■ Task objective ■
No pictures, please. Copy exactly the lines from the one with "7 Elements of a Great Movie Poster Design" through the final line below.

■ Stored data ■
========
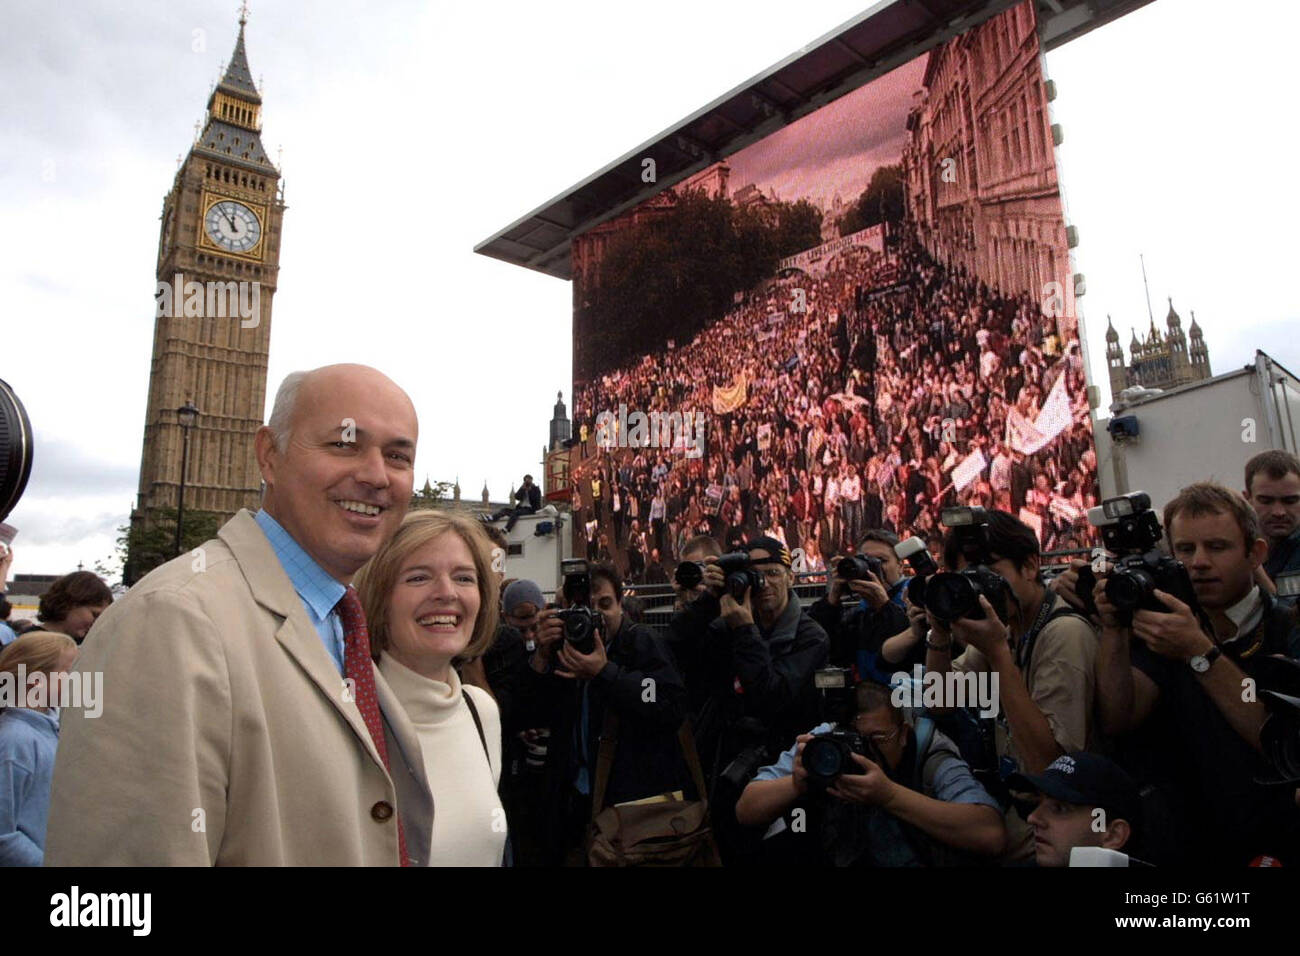 Conservative leader, Iain Duncan Smith and his wife Betsy at the Liberty and Livelihood march, organised by the Countryside Alliance, as passes through central London to show its opposition to the proposed ban on fox-hunting and hunting with hounds. *As many as 300,000 people are expected to descend on London to take part in the march which is heading towards Whitehall. Stock Photo
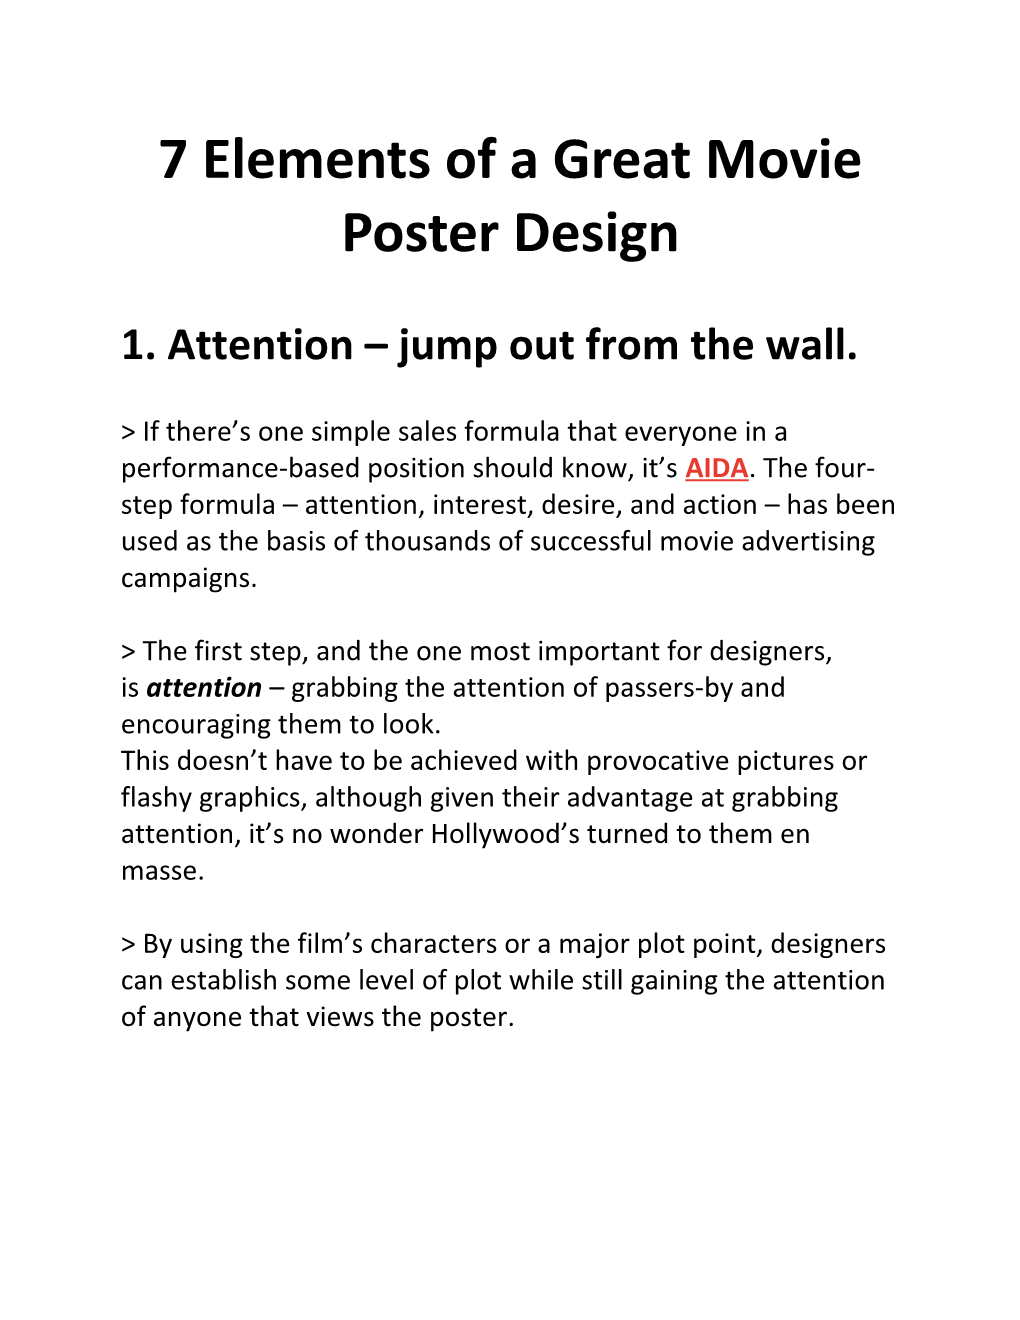 7 Elements of a Great Movie Poster Design
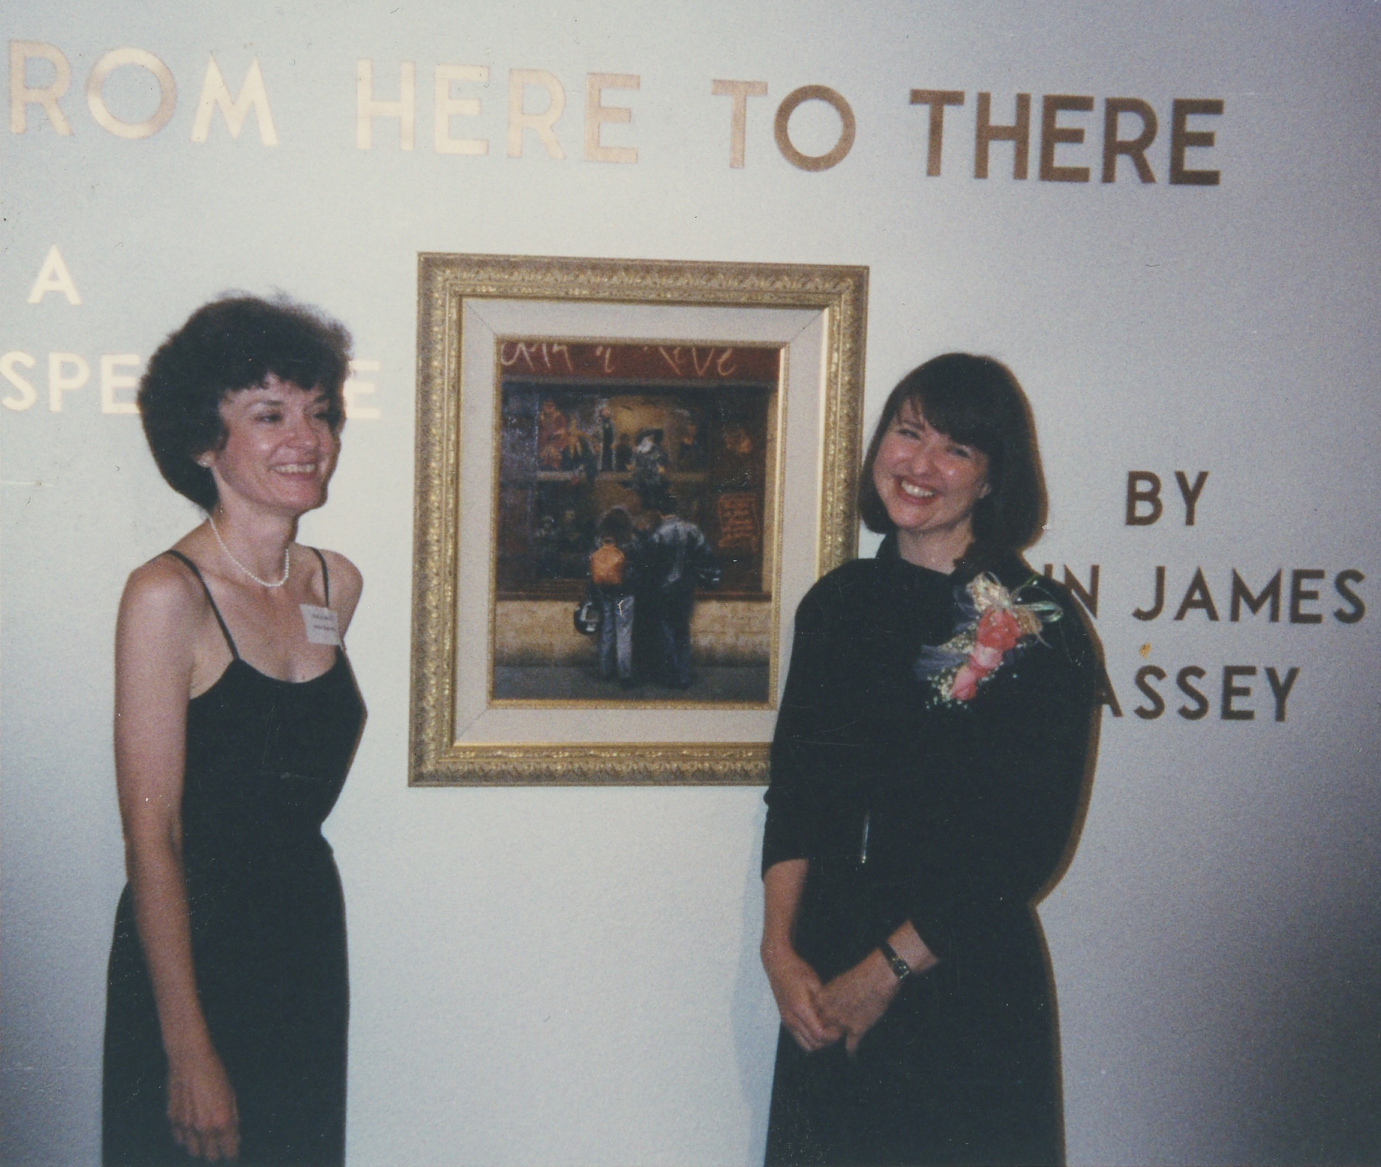 Holly Denny of the Wyler Gallery with Ann James Massey.
From Here to There, a retrospective of 26 years of drawings and paintings by Ann James Massey at the Chamizal National Memorial
========
■ Reply ■
 7 Elements of a Great Movie Poster Design
 Holly Denny of the Wyler Gallery with Ann James Massey.
From Here to There, a retrospective of 26 years of drawings and paintings by Ann James Massey at the Chamizal National Memorial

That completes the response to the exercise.